Dataset section section start

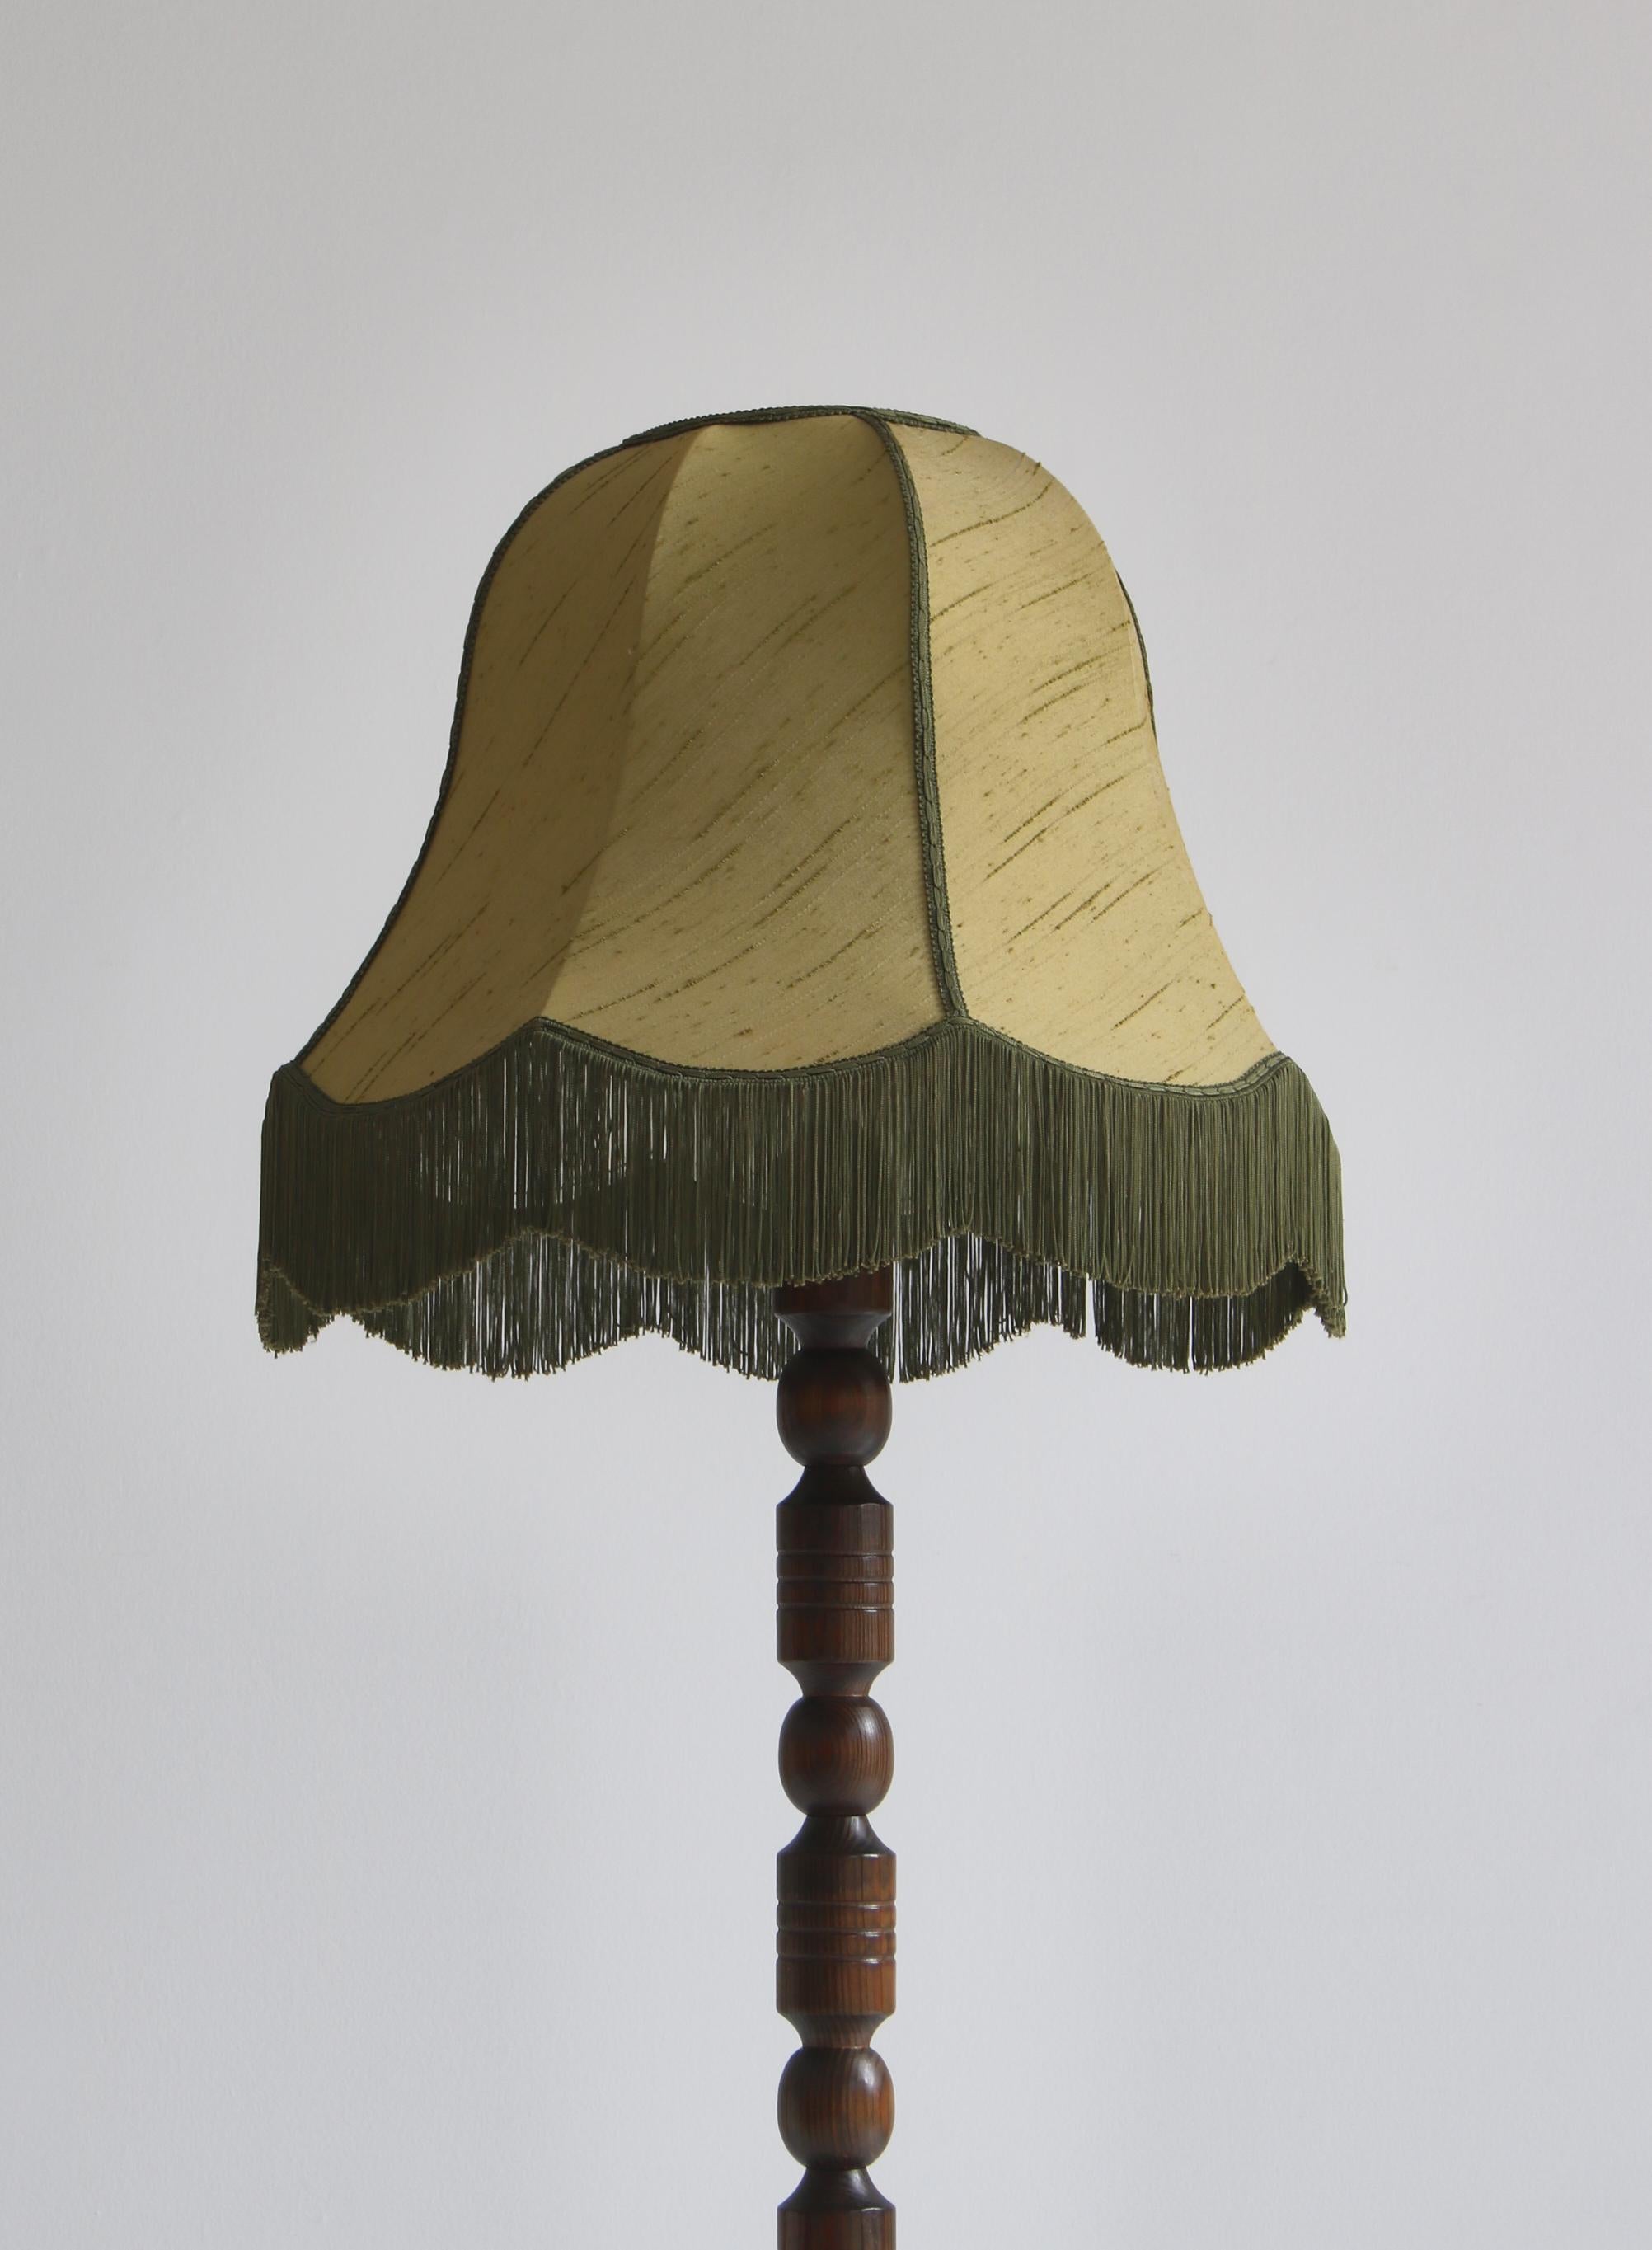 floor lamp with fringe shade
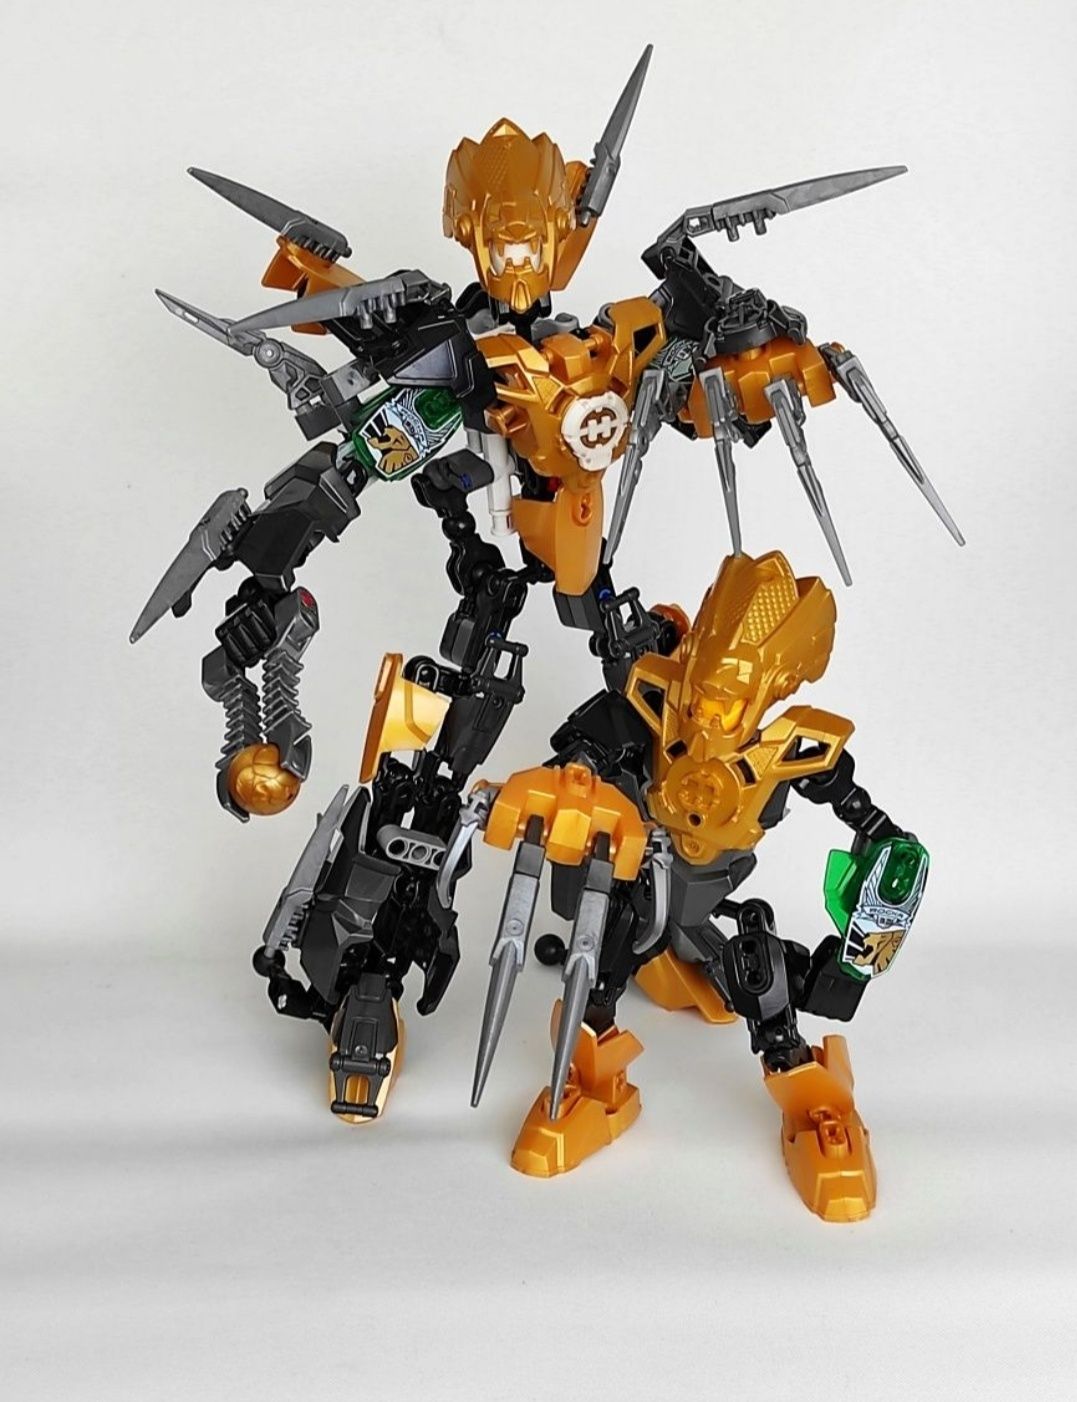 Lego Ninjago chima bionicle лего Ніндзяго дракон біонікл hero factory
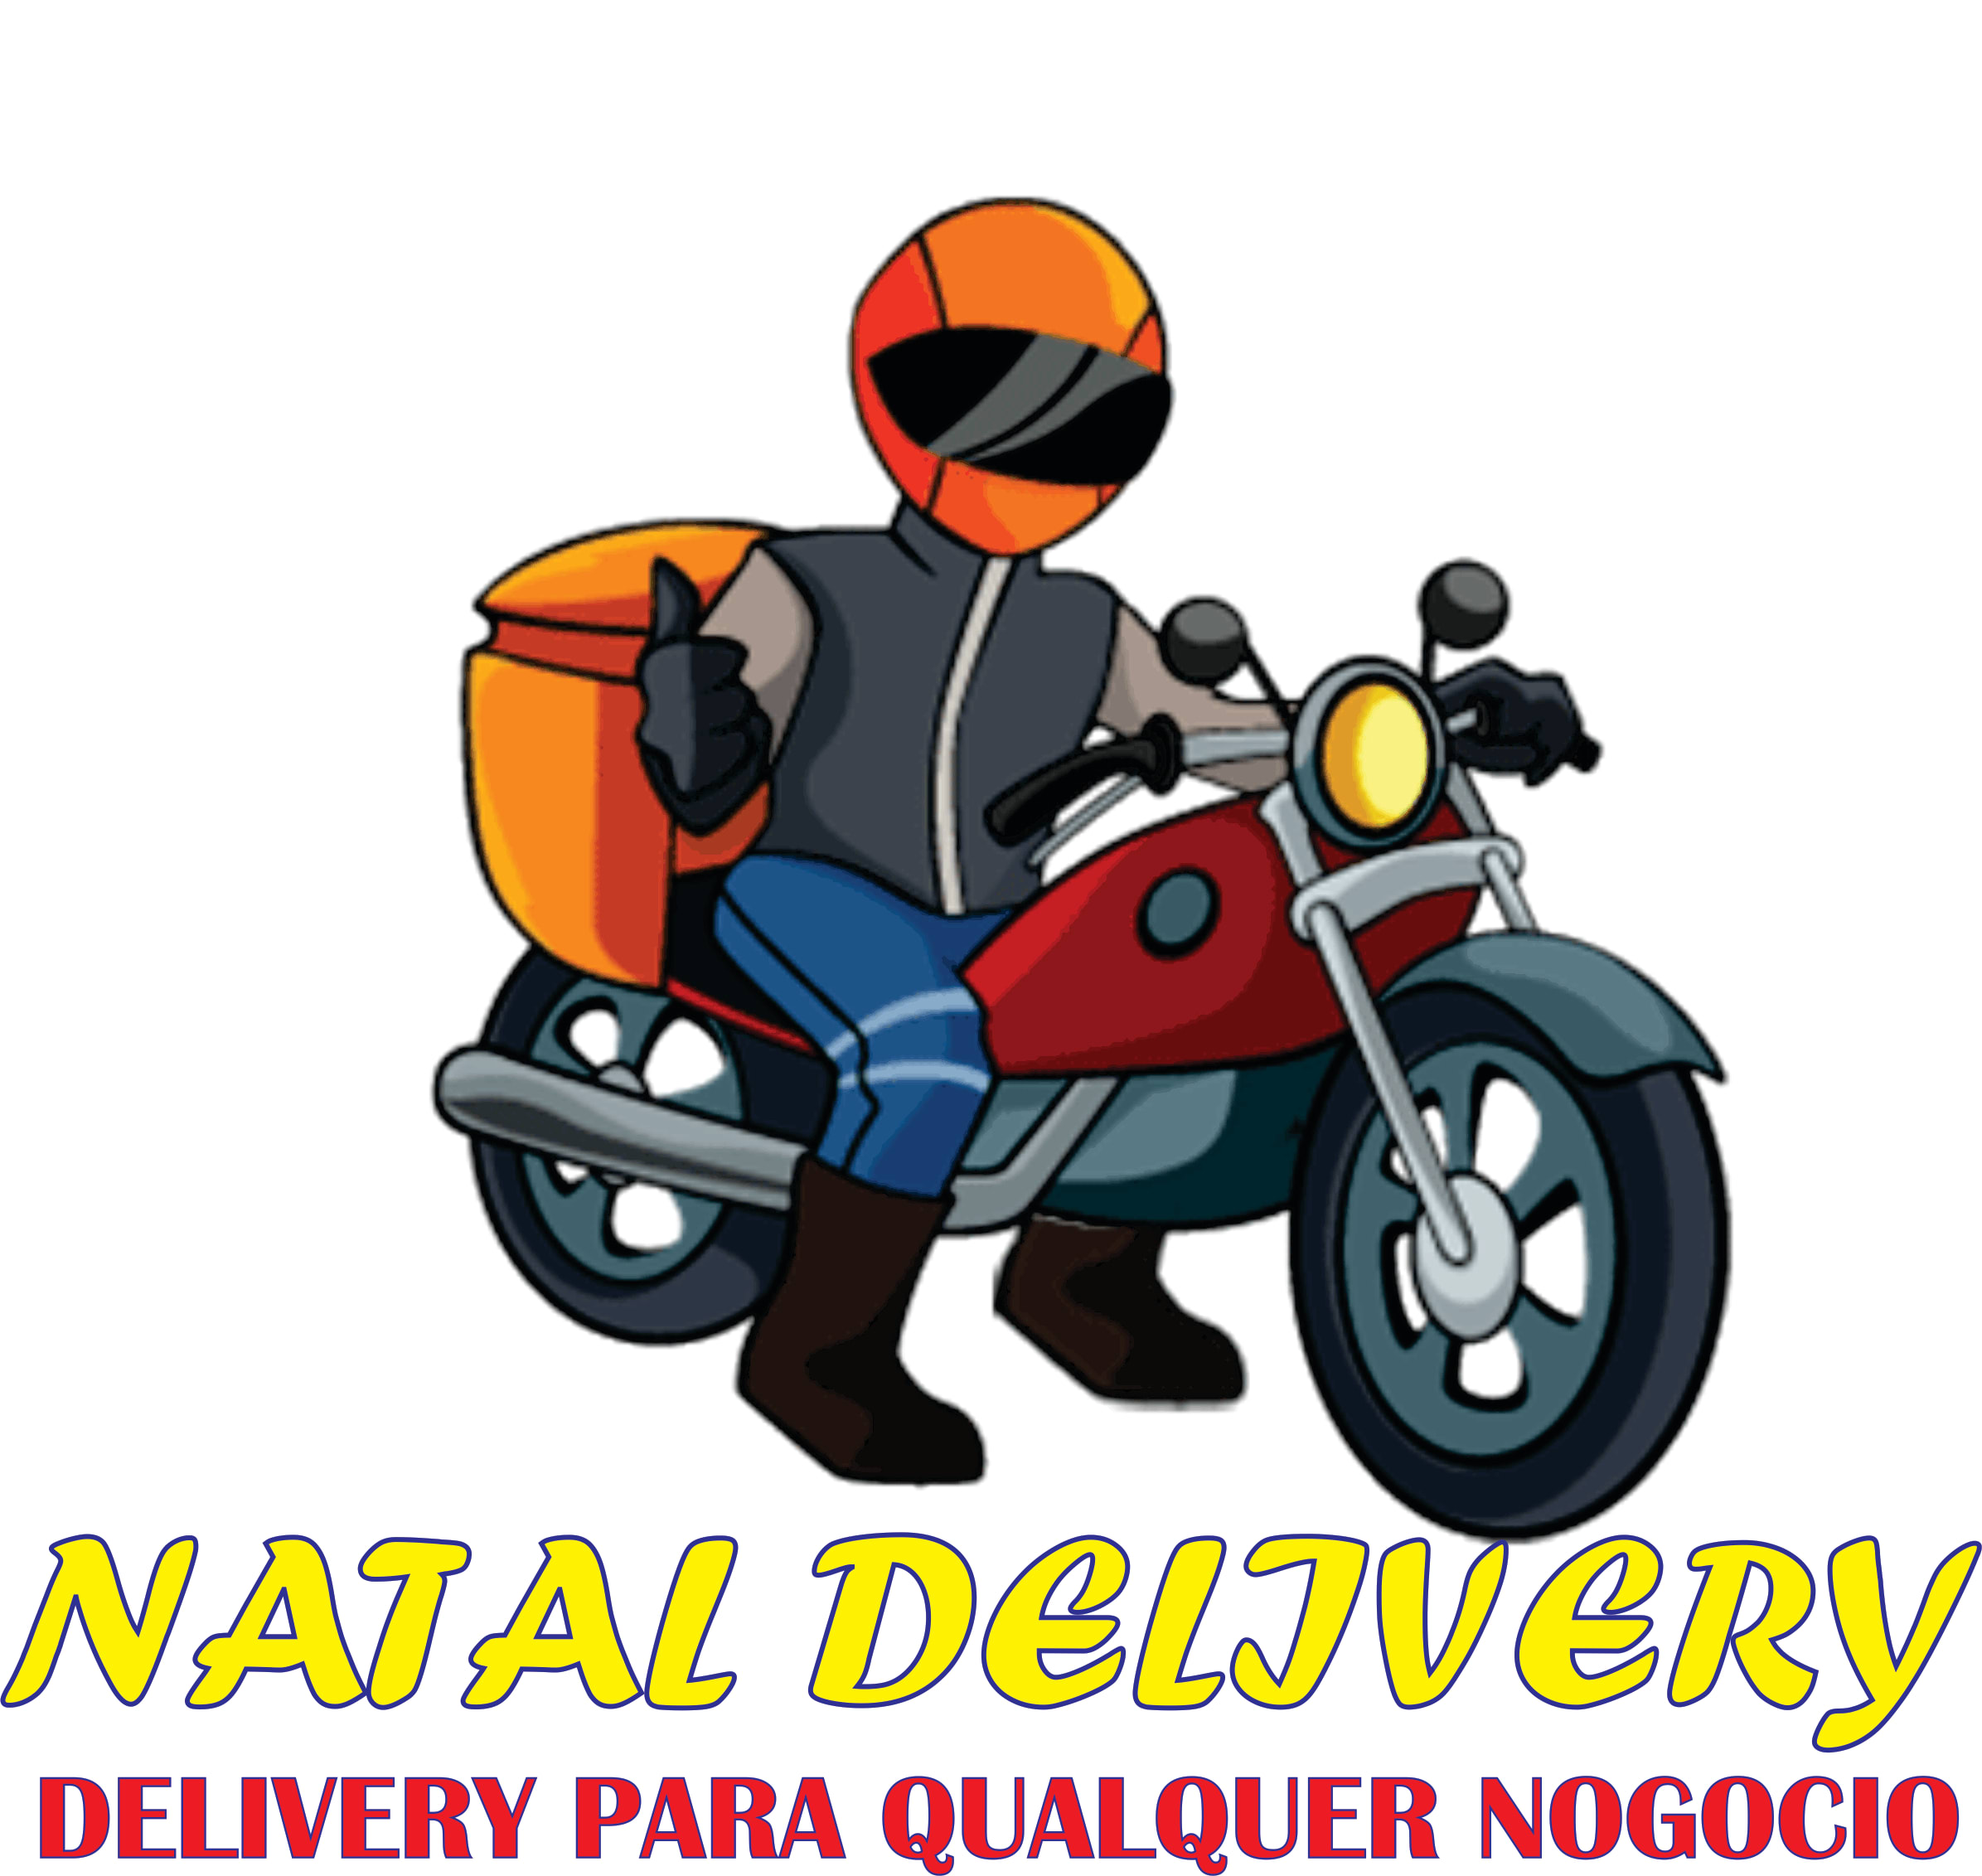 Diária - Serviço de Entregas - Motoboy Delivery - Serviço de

Dataset section section end

> Required work
Return, exactly as they stand, all of the lines above, but not the pictures.

> Output
 floor lamp with fringe shade
 Lego Ninjago chima bionicle лего Ніндзяго дракон біонікл hero factory
 Diária - Serviço de Entregas - Motoboy Delivery - Serviço de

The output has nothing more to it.